He leant against the mantelpiece, talking to her about both cases with a quick incisive common-sense—not unkind, but without a touch of unnecessary sentiment, still less of the superior person—which represented one of the moods she liked best in him. In speaking of the poor he always took the tone of comradeship, of a plain equality, and the tone was, in fact, genuine.
“Do you know,” he said presently, “I did not tell you before, but I am certain that Hurd’s wife is afraid of you, that she has a secret from you?”
“From me! how could she? I know every detail of their affairs.”
“No matter. I listened to what she said that day in the cottage when I had the boy on my knee. I noticed her face, and I am quite certain. She has a secret, and above all a secret from you.”
Marcella looked disturbed for a moment, then she laughed.
“Oh, no!” she said, with a little superior air. “I assure you I know her better than you.”
Wharton said no more.
“Marcella!” called a distant voice from the hall.
The girl gathered up her white skirts and her flowers in haste.
“Good-night!”
“Good-night! I shall hear you come home and wonder how you have sped. One word, if I may! Take your role and play it. There is nothing subjects dislike so much as to see royalty decline its part.”

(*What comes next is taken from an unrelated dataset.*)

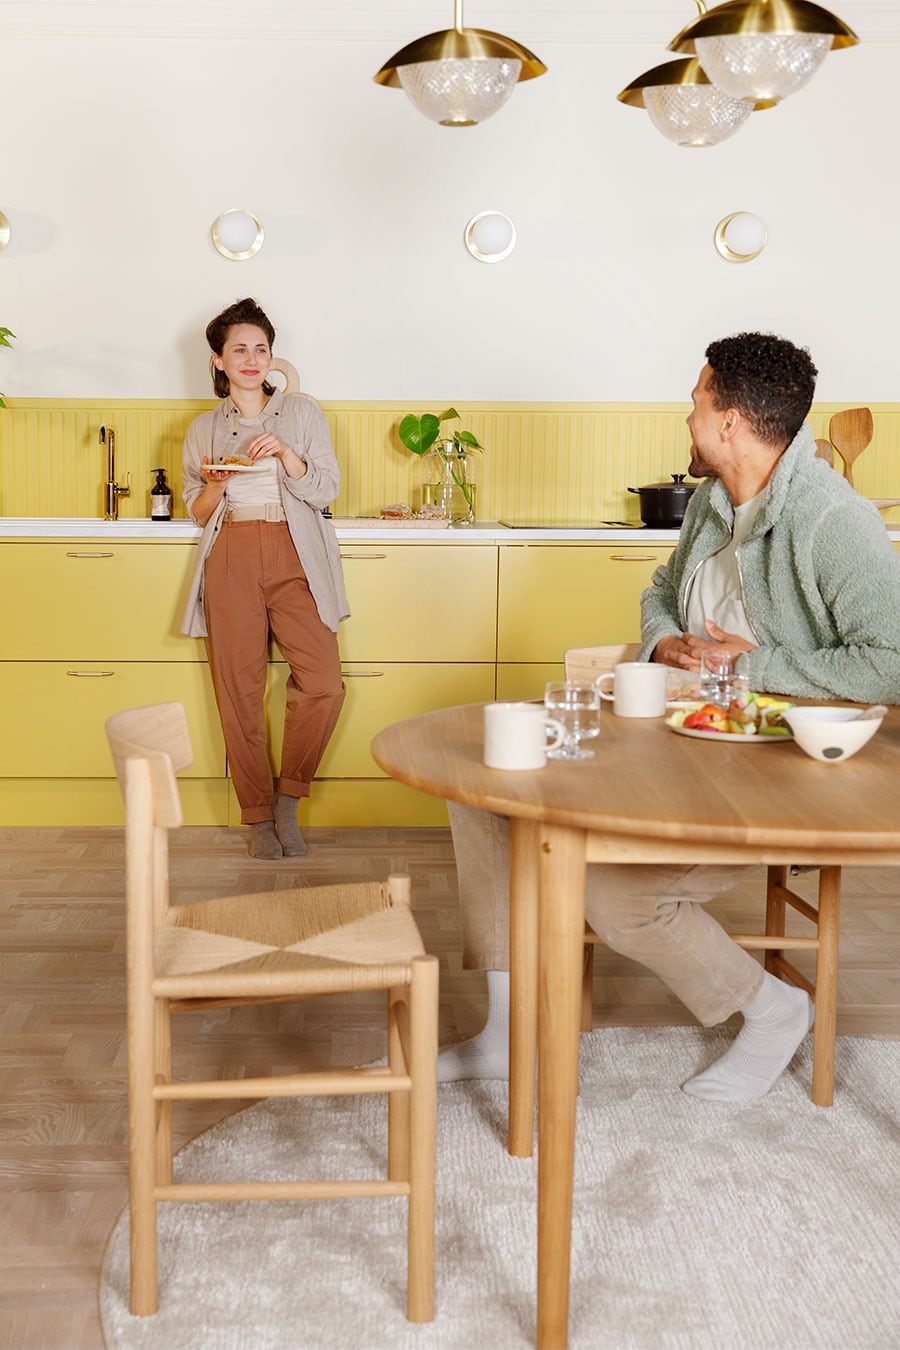 Yellow Trend Mellow kjøkken med en kvinne som spiser frokost ved vasken mens en mann sitter ved et bord og ser på henne

She laughed, blushed, a little proudly and uncertainly, and went without reply. As she shut the door behind her, a sudden flatness fell upon her. She walked through the dark Stone Parlour outside, seeing still the firmly-knit lightly-made figure—boyish, middle-sized, yet never insignificant—the tumbled waves of fair hair, the eyes so keenly blue, the face with its sharp mocking lines, its powers of sudden charm. Then self-reproach leapt, and possessed her. She quickened her pace, hurrying into the hall, as though from something she was ashamed or afraid of.
In the hall a new sensation awaited her. Her mother, fully dressed, stood waiting by the old billiard-table for her maid, who had gone to fetch her a cloak.
Marcella stopped an instant in surprise and delight, then ran up to her. “Mamma, how lovely you look! I haven’t seen you like that, not since I was a child. I remember you then once, in a low dress, a white dress, with flowers, coming into the nursery. But that black becomes you so well, and Deacon has done your hair beautifully!”
She took her mother’s hand and kissed her cheek, touched by an emotion which had many roots. There was infinite relief in this tender natural outlet; she seemed to recover possession of herself.
Mrs. Boyce bore the kiss quietly. Her face was a little pinched and white. But the unusual display Deacon had been allowed to make of her pale golden hair, still long and abundant; the unveiling of the shapely shoulders and neck, little less beautiful than her daughter’s; the elegant lines of the velvet dress, all these things, had very nobly transformed her. Marcella could not restrain her admiration and delight. Mrs. Boyce winced, and, looking upward to the gallery, which ran round the hall, called Deacon impatiently.